Aaron Flesch, Ph.D., Director
Aaron has worked in Sonora since 2000 and on the Northern Jaguar Reserve since 2005. He is a research scientist in the School of Natural Resources and the Environment at the University of Arizona, where he focuses on ecological questions important for the management and conservation of wildlife and habitats. He is the author of nearly 60 publications and technical reports. Aaron is passionate about fieldwork, natural history, and landscape conservation, and is committed to producing science that has both theoretical and applied value. He received his Ph.D. in Organismal Biology and Ecology from the University of Montana.

Carlos López González, Ph.D., Director
Carlos has been researching jaguars and other carnivore species in Mexico and the U.S. since 1992. He is co-author of Borderland Jaguars, a comprehensive analysis of the historic presence of jaguars in the region. Having received his Ph.D. in Biology from the Universidad Nacional Autónoma de México, Carlos is a research professor at the Universidad Autónoma de Querétaro. His main interests are in predator-prey interactions, vertebrate community ecology, and the behavior and conservation of large mammalian carnivores. Carlos has worked as a research associate for the Northern Rockies Conservation Cooperative and Denver Zoo.

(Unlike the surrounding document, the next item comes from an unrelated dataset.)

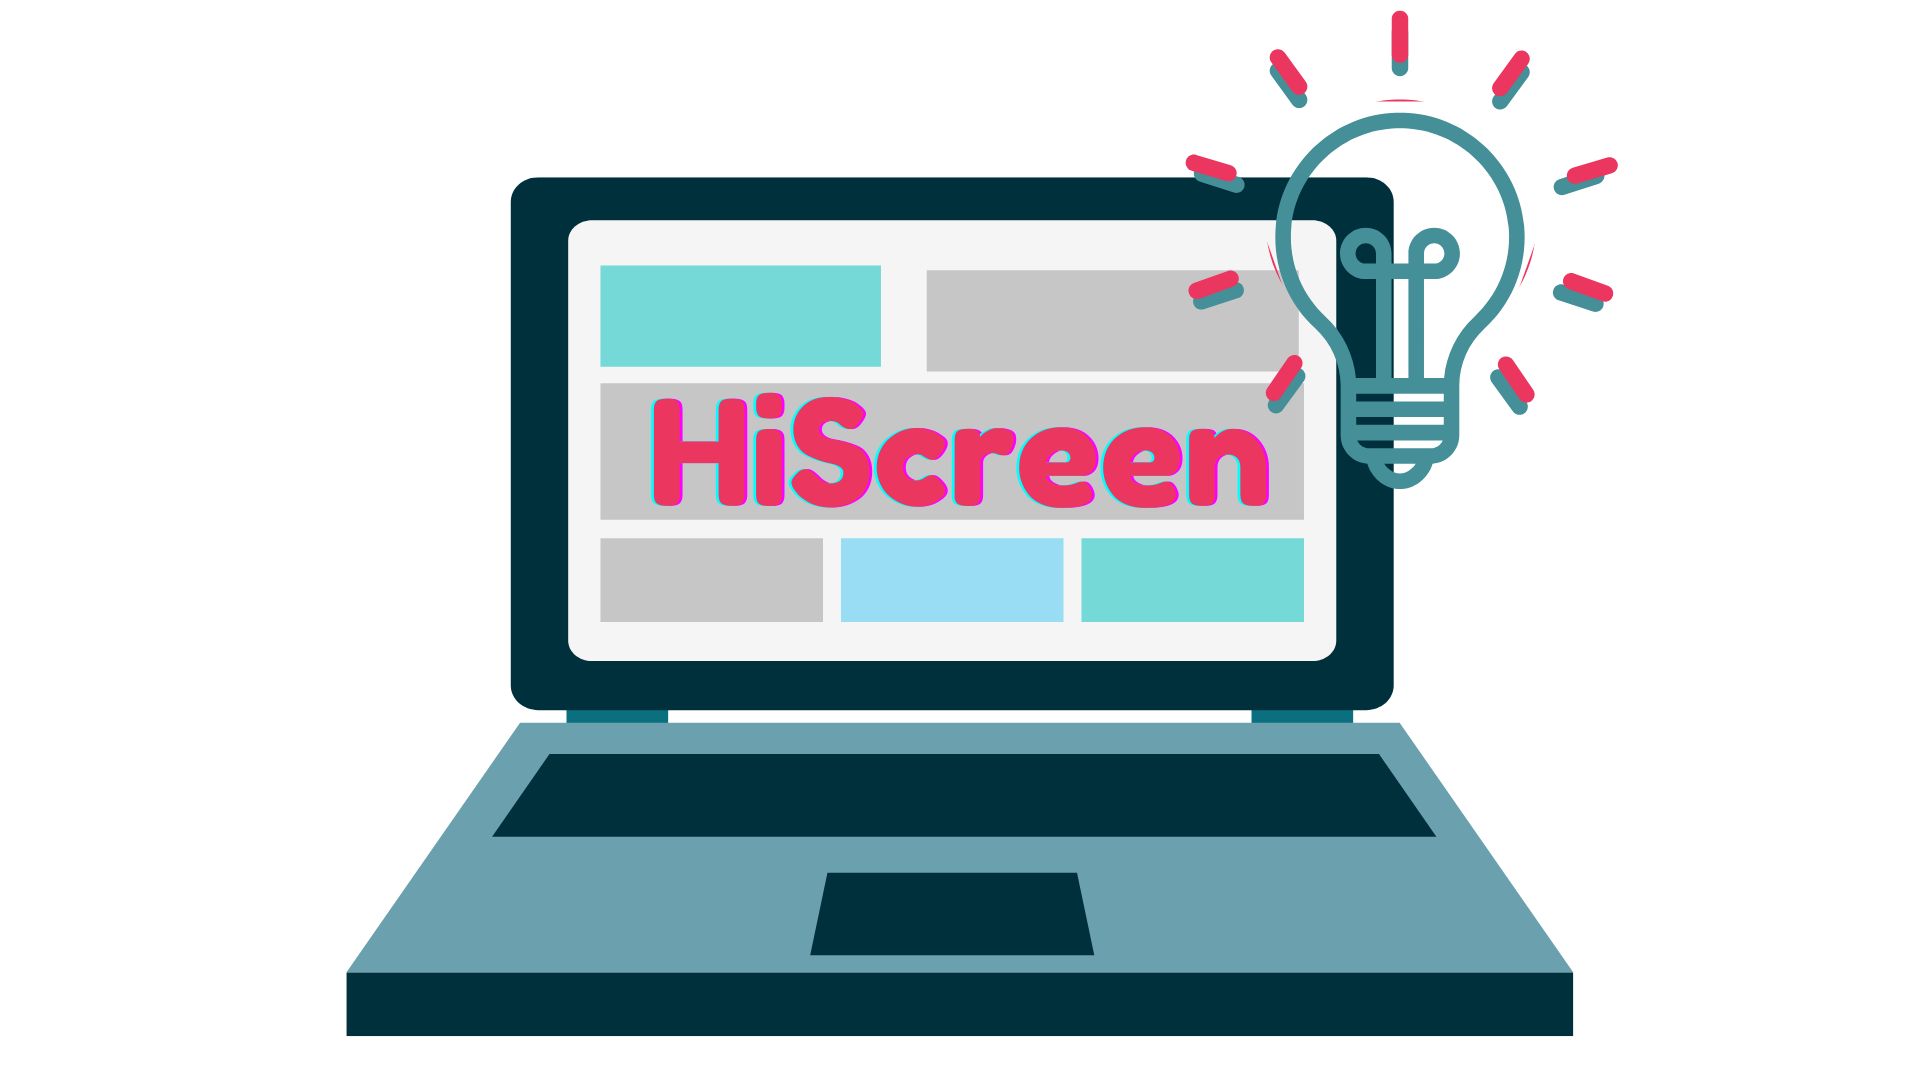 Portátil com HiScreen e Lãmpada

Angelina Martínez Yrízar, Ph.D., Director
Angelina has worked as a researcher and professor at the Instituto de Ecología of the Universidad Nacional Autónoma de México in Hermosillo since 1989. She received her Ph.D. in Ecology from the University of Cambridge. Angelina’s research interests are in understanding the functioning of ecosystems in the Sonoran desert and tropical deciduous forests of Mexico, with an emphasis on litter production and decomposition processes. She is a member of the Red Mexicana de Investigación Ecológica a Largo Plazo, analyzing the impact of climatic events on tropical deciduous forest.

Laura Paulson, Director
Laura is the Southwest borderlands program lead for the Wildlife Conservation Society. She has more than 20 years’ experience working with landowners, communities, and governments in Mexico, Indonesia, Latin America, and the U.S. with The Nature Conservancy, Wildlands Network, and the Udall Center for Studies in Public Policy. Laura played a lead role in co-creating the Mexico Sustainable Ranching Roundtable, and establishing and managing Mexico’s first conservation bison herd. She serves on the Bison Recovery Task Force for Mexico and plays a coordination role with the Borderlands Linkages Partnership, an initiative to promote collaboration on jaguar conservation in Arizona and Sonora. Laura recieved her M.S. in Latin American Studies from the University of Arizona.